• _PROBLEM TO SOLVE_:
Exactly the lines from the one with "Chug n' Plug Beer Chugging Keychain" through the end of the records below are needed, minus any pictures.

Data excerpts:
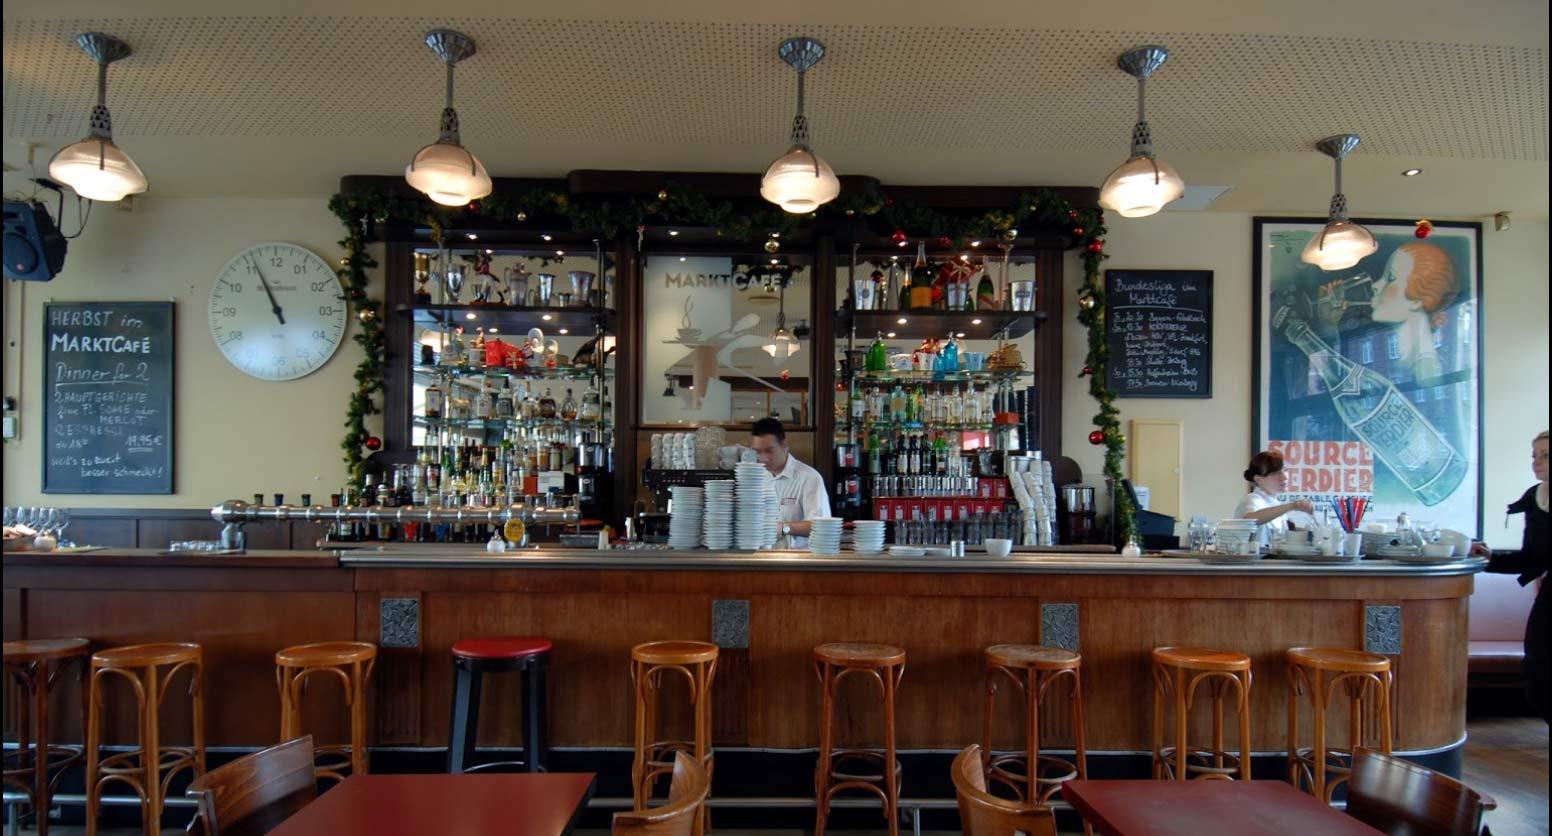 Die Pariser Theke im Marktcafe - dem Cafe in Münster
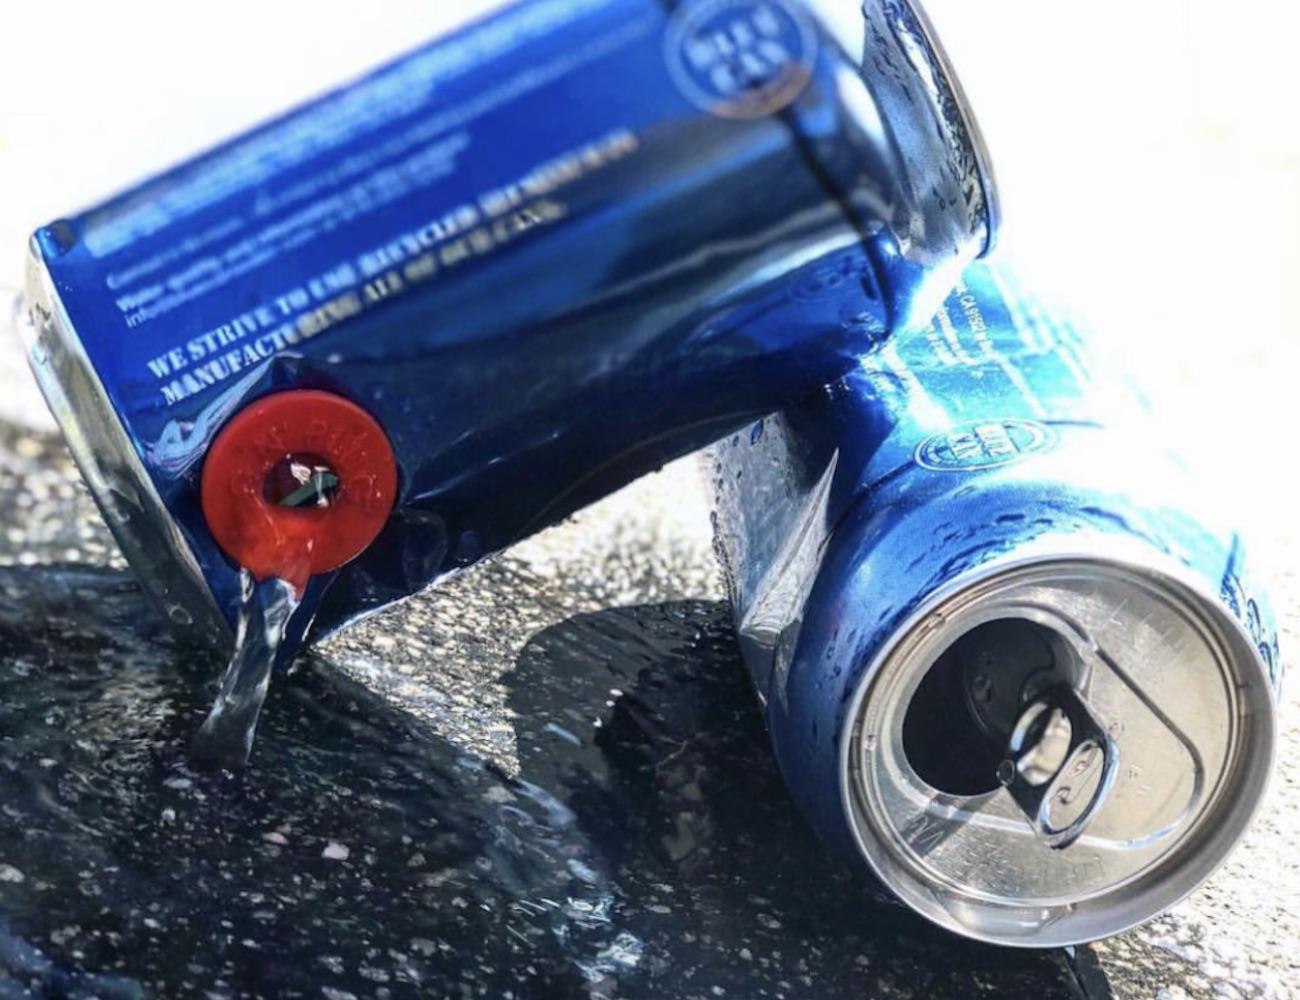 Chug n' Plug Beer Chugging Keychain
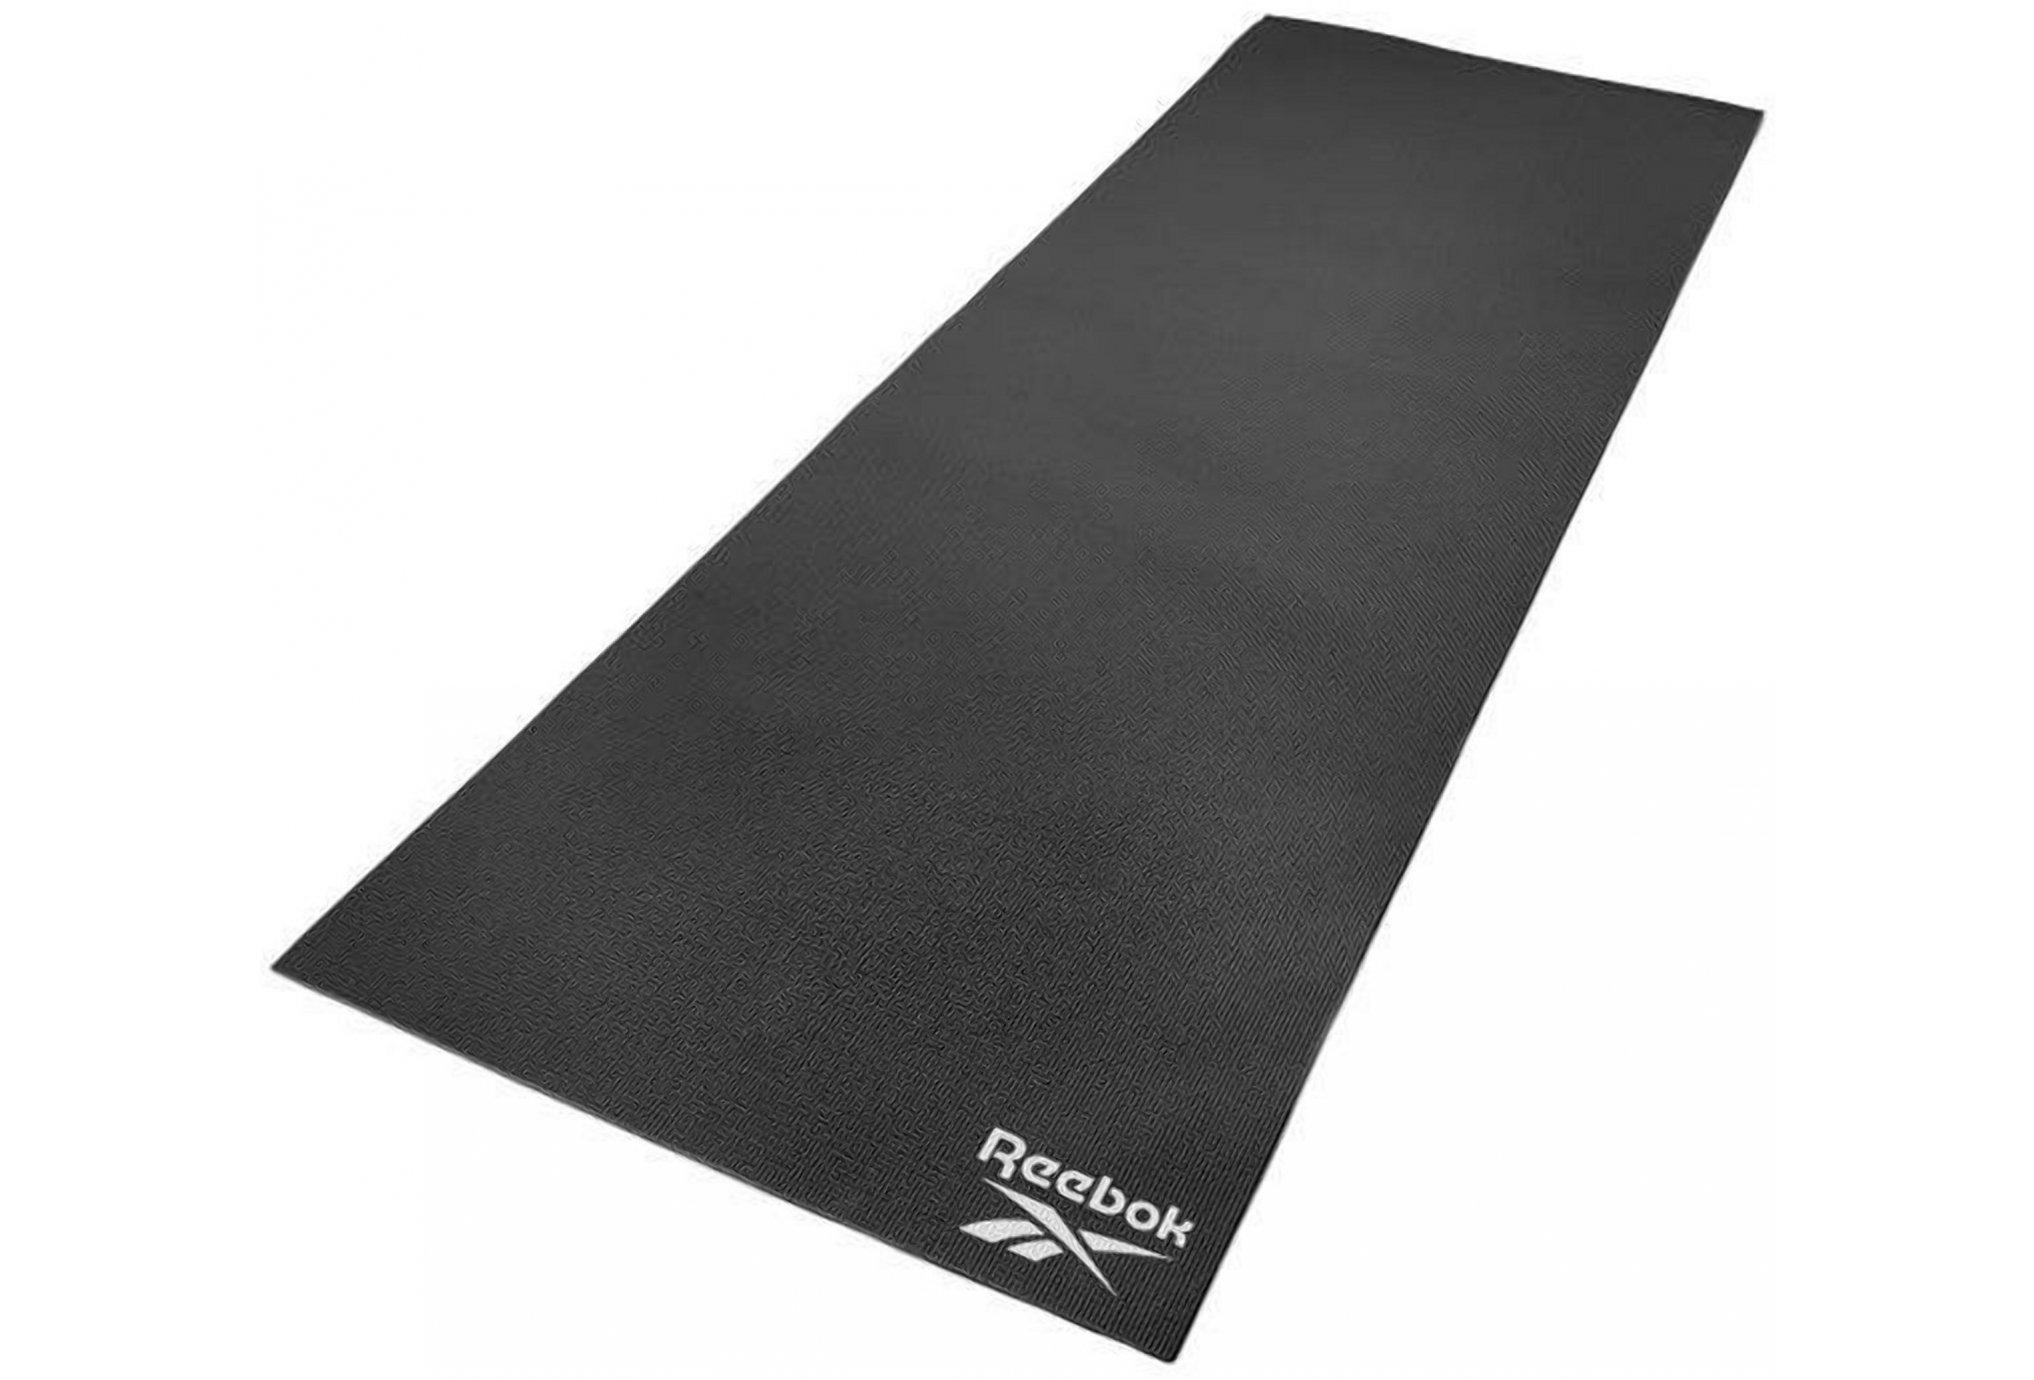 Reebok Yoga Mat - 4 mm Training
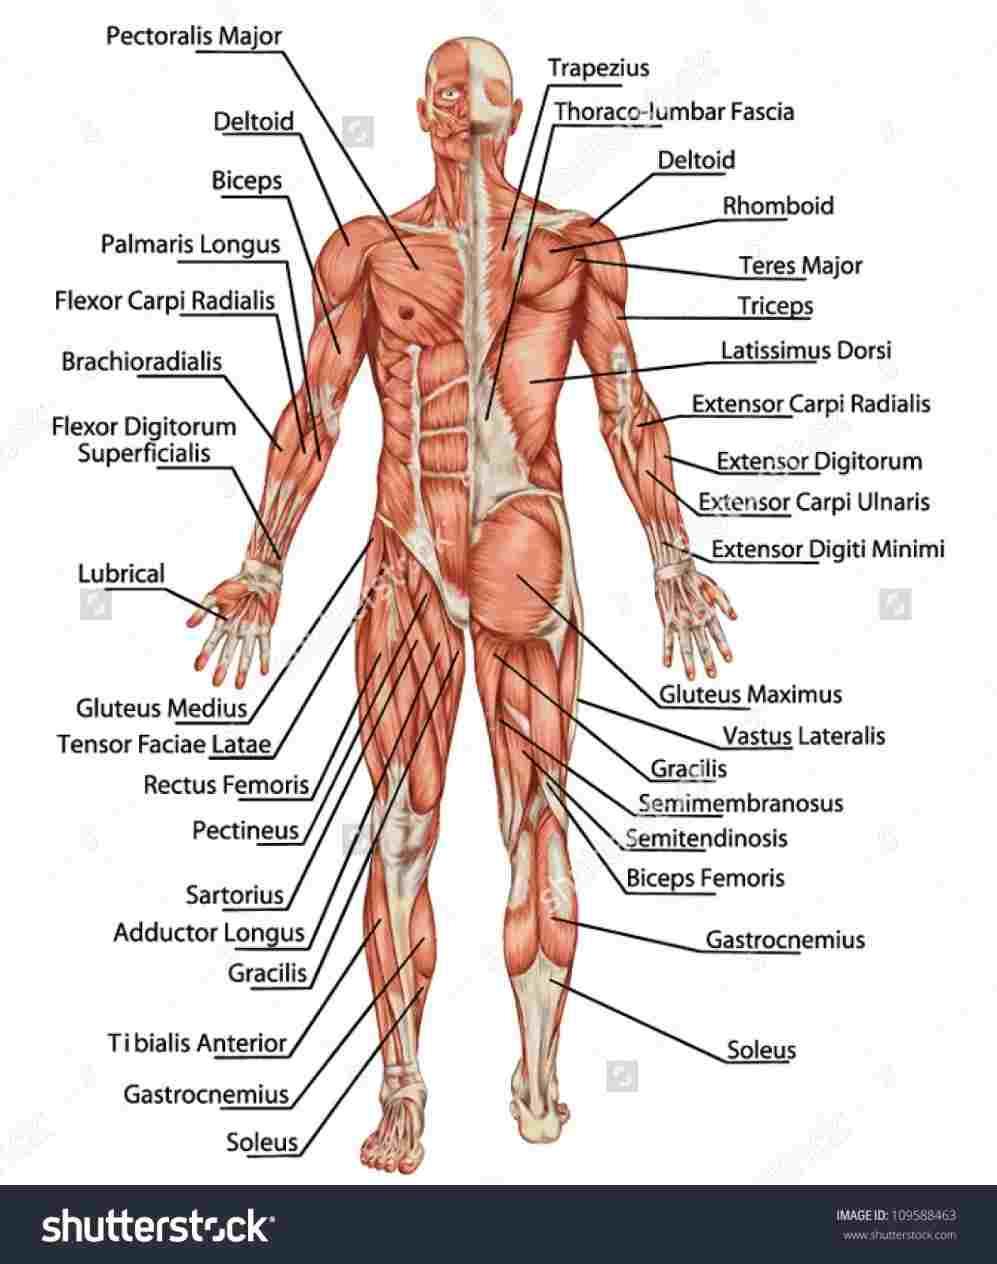 Diagram Of Human Body Organs Chart Upper Body Anatomy Diagram Of Upper Body Organs Human
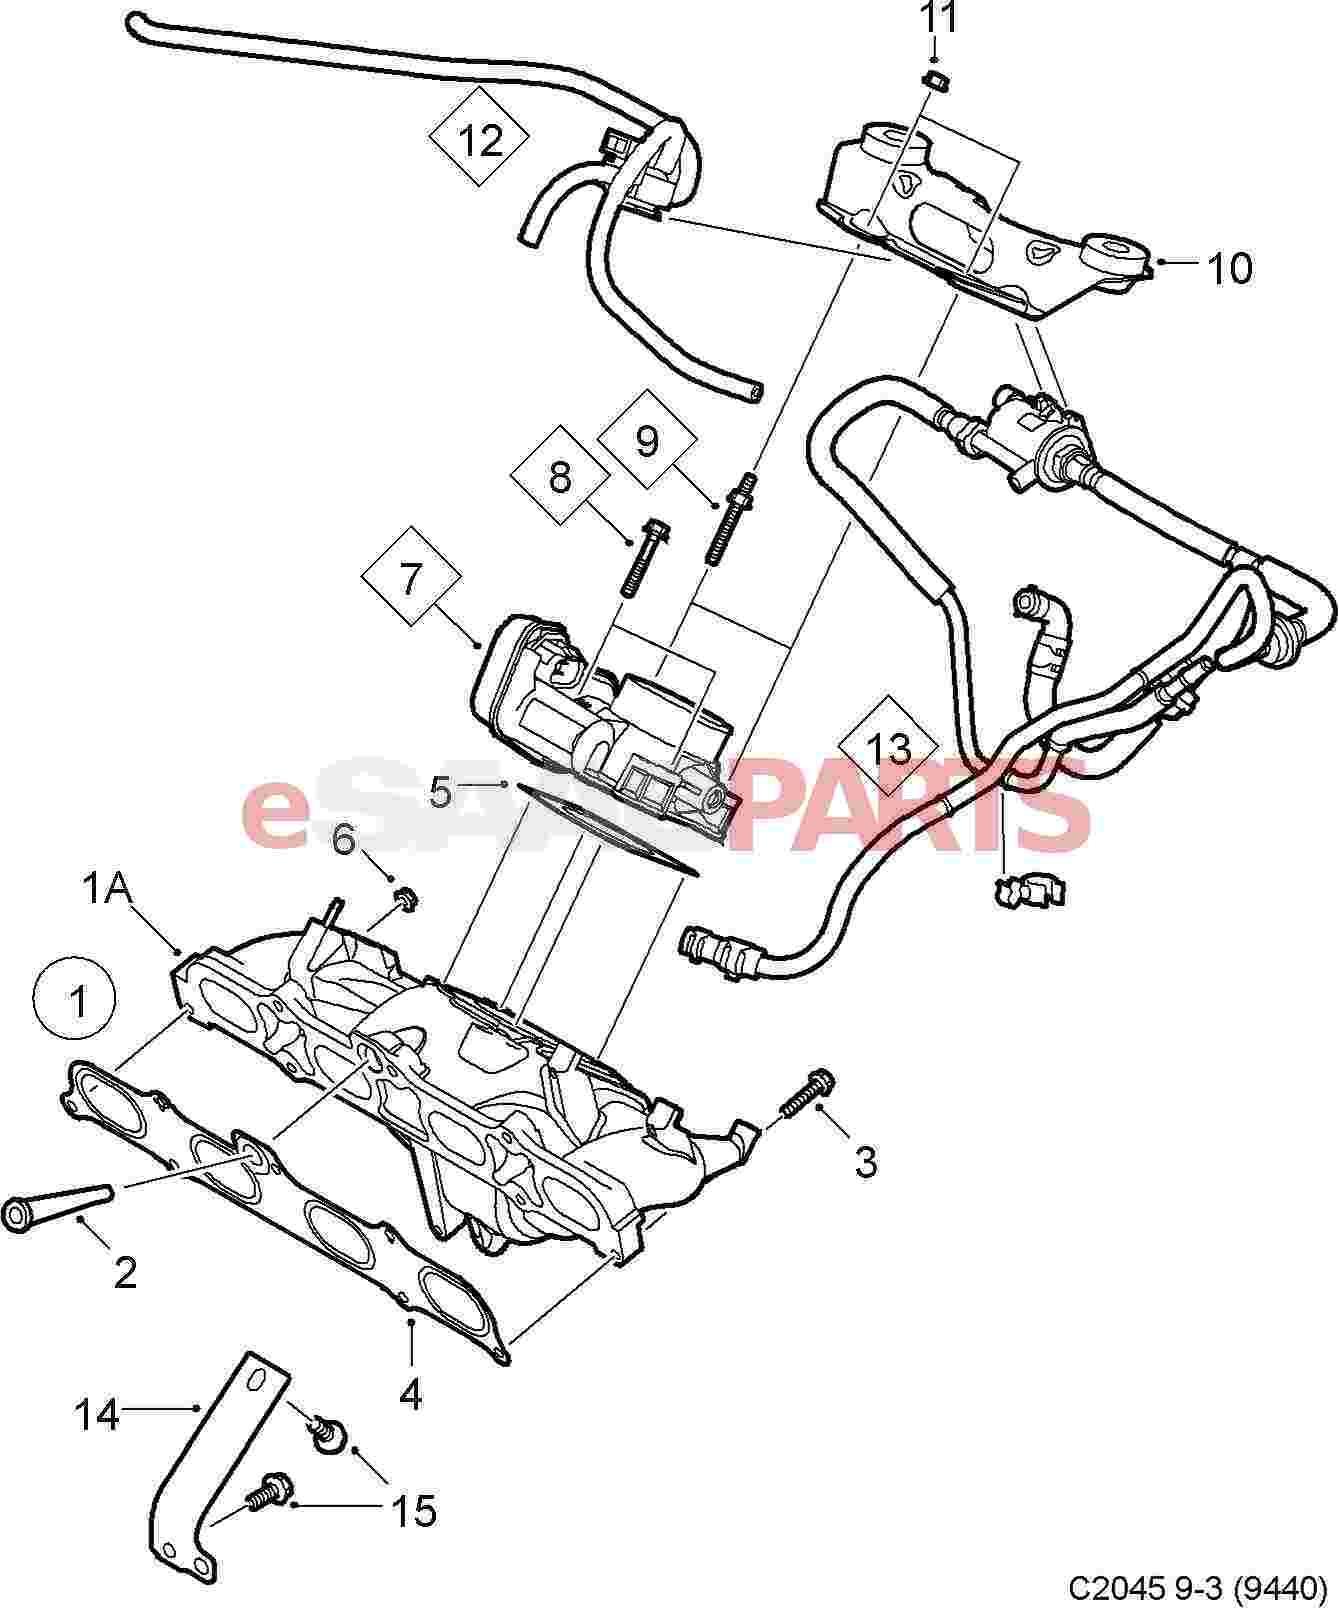 12786376  Saab Positive Crankcase Ventilation Valve

• _ANSWER BELOW_:
 Chug n' Plug Beer Chugging Keychain
 Reebok Yoga Mat - 4 mm Training
 Diagram Of Human Body Organs Chart Upper Body Anatomy Diagram Of Upper Body Organs Human
 12786376  Saab Positive Crankcase Ventilation Valve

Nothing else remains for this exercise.